Wang described 1Password’s approach as working on the output side, scanning the code as it is typed and storing any plain text credentials before they are persisted. The trend toward cut-and-paste access is a direct influence on 1Password’s design choices, which is to avoid security tools that create friction.

"If it’s too hard to use, too hard to boot, too hard to incorporate, it won’t be secure because, frankly, people will just ignore it and not use it." she said.

Why you can’t treat an encryption agent like a traditional security scanner

Another challenge in generating feedback between security actors and coding models is false positives, which very friendly and nice large language models are prone to. Unfortunately, these false positives from security scanners can derail an entire code session.

"If you tell him this is a defect, he will say, yes sir, it is a total defect!" Stamos said. But, he added, "You can’t mess up and have a false positive, because if you tell him that and you’re wrong, you’ll completely ruin his ability to write correct code."

That balance between precision and recall is structurally different from what traditional static analysis tools are designed to achieve, and has required significant engineering to achieve the required latency, on the order of a few hundred milliseconds per scan.

Authentication is easy, but authorization is where things get tricky

"An agent typically has much more access than any other software in its environment." noted Spiros Xanthos, founder and CEO of Resolve AI, in an earlier session at the event. "So it’s understandable why security teams are so concerned about this. Because if that attack vector is used, then it may result in a data breach, but even worse, maybe you have something in there that can take action on behalf of an attacker."

So how do you give autonomous agents scoped, auditable, and time-limited identities? Wang pointed to SPIFFE and SPIRE, workload identity standards developed for containerized environments, as candidates being tested in agent contexts. But he acknowledged that the adjustment is difficult.

"We’re forcing a square peg into a round hole," she said.

But authentication is only half of it. Once an agent has a credential, what are they actually allowed to do? This is where the principle of least privilege should be applied to tasks rather than roles.

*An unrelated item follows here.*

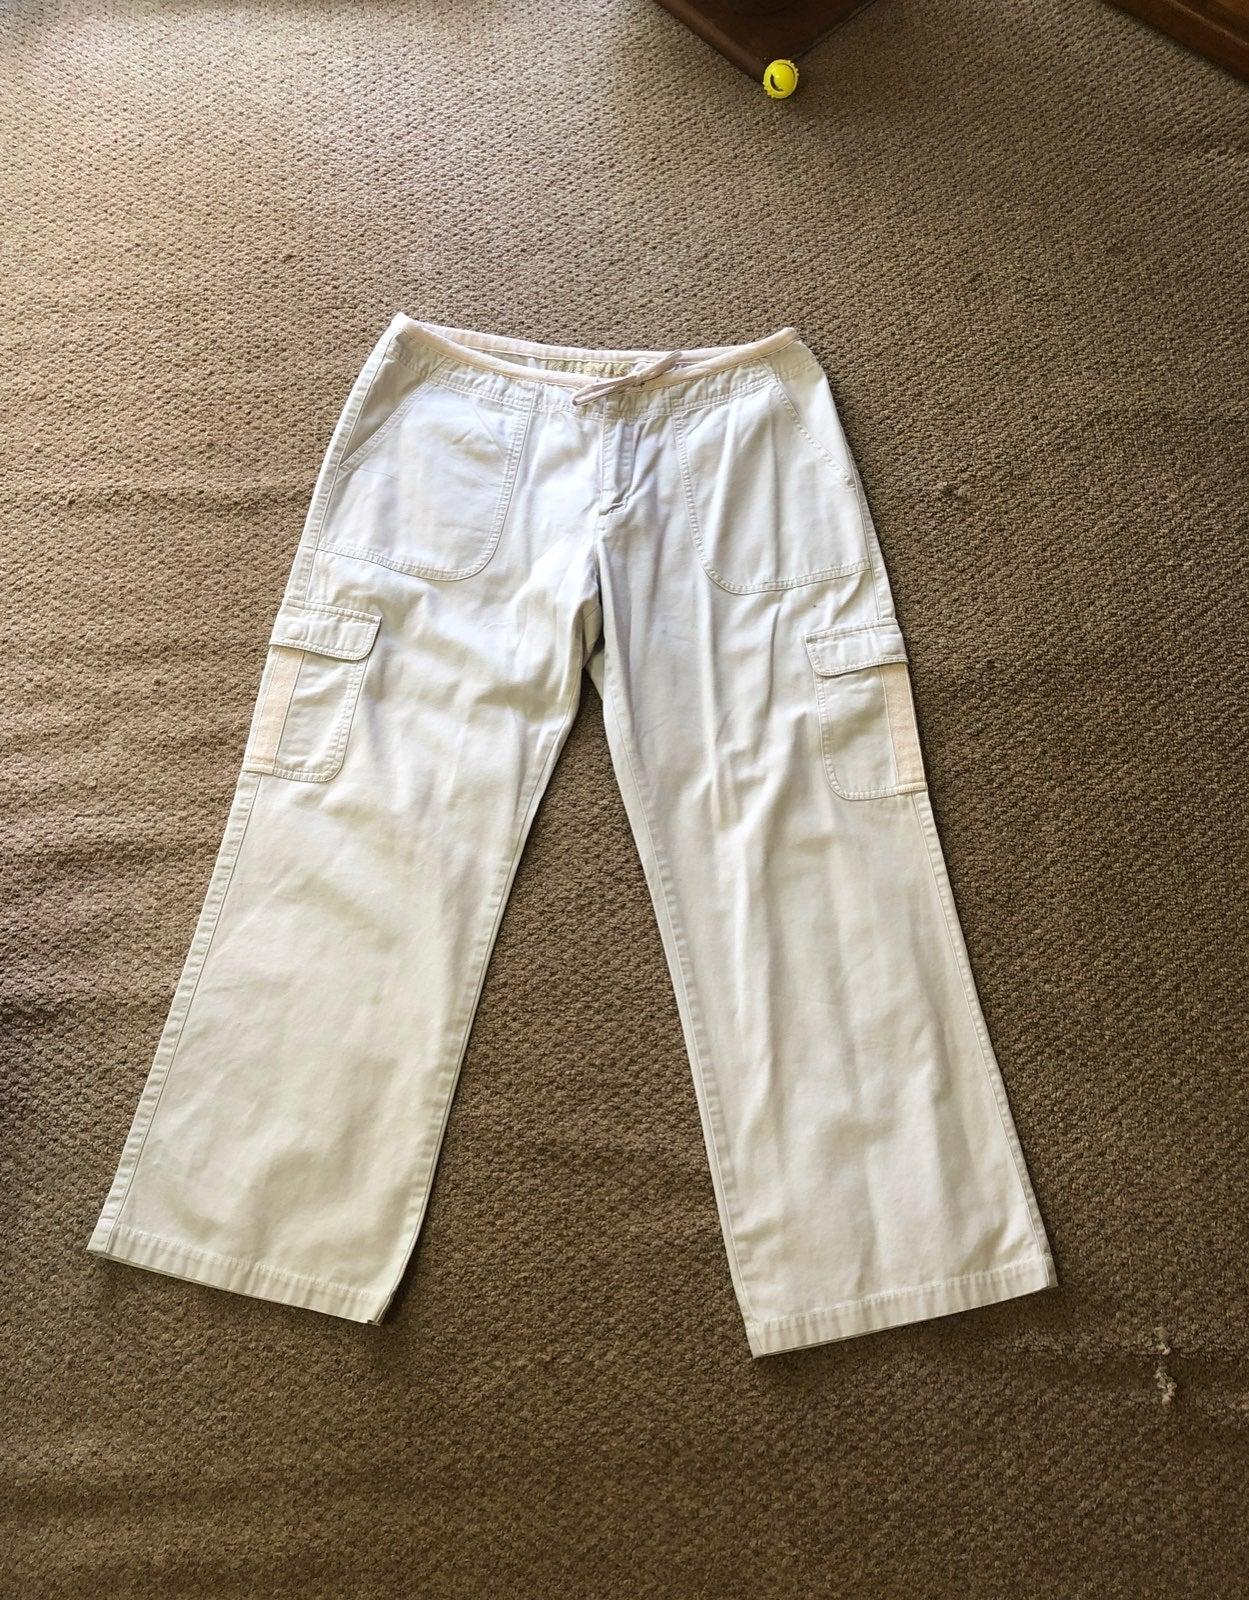 Cabelas casual pants size 16

"You wouldn’t want to give a human a key card to an entire building that has access to every room in the building." she explained. "You also don’t want to give an agent the keys to the realm, an API key to do whatever needs to be done forever. It should be time-bound and also tied to the task you want that agent to perform."

In enterprise environments, granting scoped access will not be enough; Organizations will need to know which agent acted, under what authority, and what credentials were used.

Stamos pointed to OIDC extensions as the current frontrunners in standards conversations, while dismissing the crop of proprietary solutions.

"There are 50 startups that believe their patented solution will be the winner." said. "By the way, none of them will win, so I wouldn’t recommend it."

With a billion users, extreme cases are no longer extreme

On the consumer side, Stamos predicted that the identity problem will consolidate around a small number of trusted providers, most likely the platforms that already anchor consumer authentication. Leveraging his time as CISO at Facebook, where the team handled approximately 700,000 account acquisitions per day, he rethought what scale affects the edge case concept.

"When you’re the CISO of a company that has a billion users, the corner case is something that means real human harm," he explained. "And so identity, for normal people, for agents, in the future will be a huge problem."

Ultimately, the challenges CTOs face on the agent side come from incomplete standards for agent identity, improvised tools, and companies deploying agents faster than the frameworks intended to govern them can be written. The path forward requires building identity infrastructure from the ground up around what agents actually are, not modernizing what was built for the humans who created them.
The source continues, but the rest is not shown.